Although lung cancer screening is crucial in reducing lung cancer mortality, the most critical means to prevent lung cancer is to quit smoking/not smoking (including other tobacco products).
“Although the smoking rate in the United States continues to decline, it is a pity that smoking is still the most important factor leading to the occurrence and death of lung cancer,” said Dr. Ernest Hawke, MD Anderson’s clinical cancer prevention expert.
In China, the situation is even more severe. According to China’s “Global Adult Tobacco Survey”, the current adult smoking rate in some countries is about 26.6% (about 50.5% for men and 2.1% for women). Among them, only 16.1% of smokers plan or are considering quitting in the next 12 months.
04. Is it not recommended to be screened if there is no history of smoking?
Although smoking is the main cause of most lung cancers, there are still 20% of lung cancer patients who have never smoked. The new guidelines do not recommend lung cancer screening.
In this regard, Dr. Walker explained that the reason why only smokers are recommended to be screened is because there are certain risks in the screening process. “Because in these low-risk non-smokers, CT screening may do more harm than good.”
On the other hand, the hazards of kitchen fume cannot be ignored. Kitchen oil fume contains more than 200 harmful substances, including many carcinogens. “Lung Cancer” magazine published a related study: cooking oil fume can increase the risk of lung cancer in non-smokers by 3.79 times.
Therefore, even if you do not smoke, if you are over 50 years old, there are people around you who smoke, have a history of radon exposure or occupational exposure, have a family history of lung cancer (especially a first-degree relative), have a history of chronic obstructive pulmonary disease or pulmonary fibrosis Wait, it is also recommended to do lung cancer screening once a year.
In addition, the guidelines also recommend that patients consult their doctors before screening to fully understand the potential pros and cons of screening.

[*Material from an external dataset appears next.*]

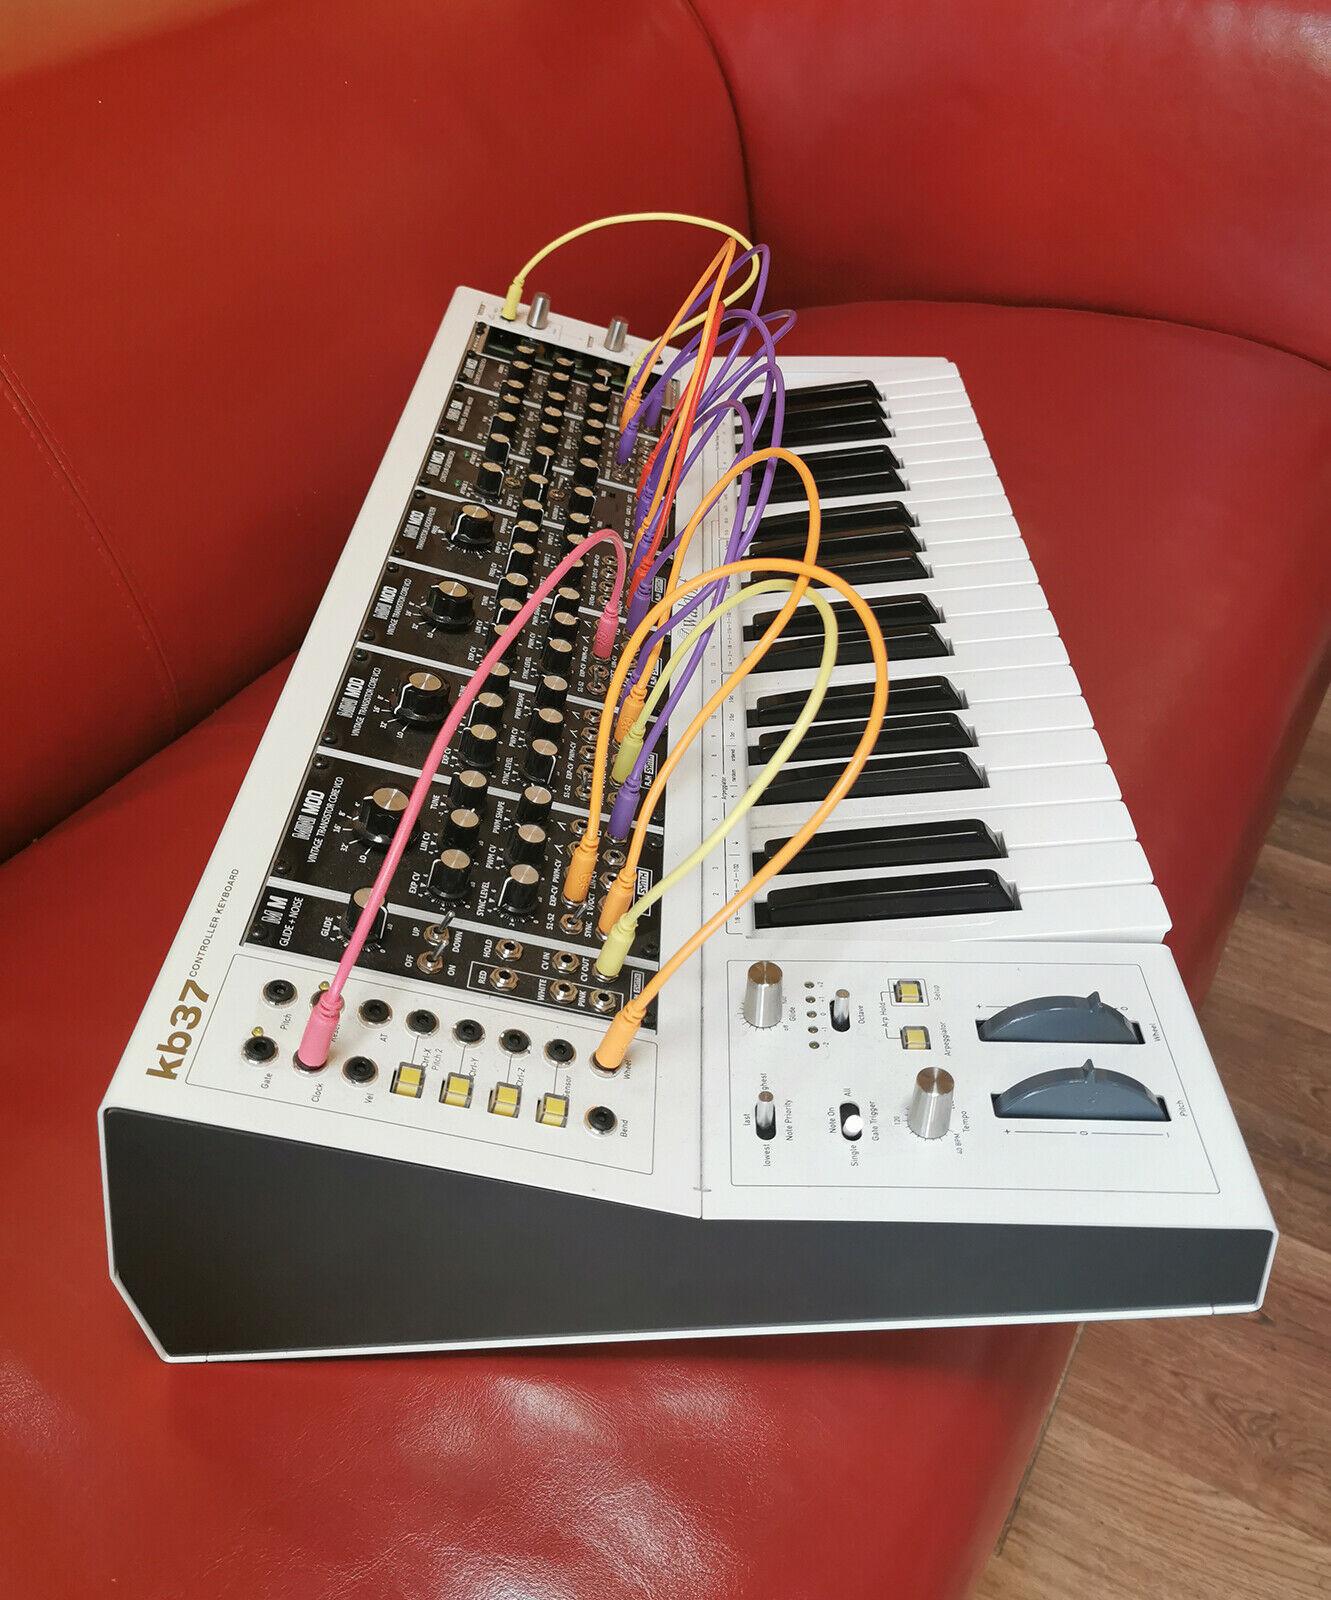 matrixsynth warldorf kb37 ajh minimoog eurorack modular synth. Black Bedroom Furniture Sets. Home Design Ideas

Regardless of whether you have a history of smoking, if you have the following symptoms, it is recommended to seek immediate medical attention: persistent cough, pneumonia (unhealed for a long time), abnormal weight loss or voice changes. It is not the best for lung cancer. The key is to be responsible for yourself. If you find a serious health problem, you can treat it in time.
Finally, some smokers think that since people who don’t smoke can also get lung cancer, I don’t have to quit smoking. Wrong!
Because the genetic mutations of lung cancer in smokers and non-smokers are completely different, non-smokers usually carry EGFR and ALK mutations, and the proportion of non-smokers in Asian women with lung cancer is even close to 50%.
The EGFR and ALK gene mutations are “golden mutations”, and many targeted drugs have been marketed; while smoking patients have fewer treatment options. Therefore, the survival rate and quality of life of lung cancer patients who also have lung cancer and non-smokers are likely to exceed those of smokers.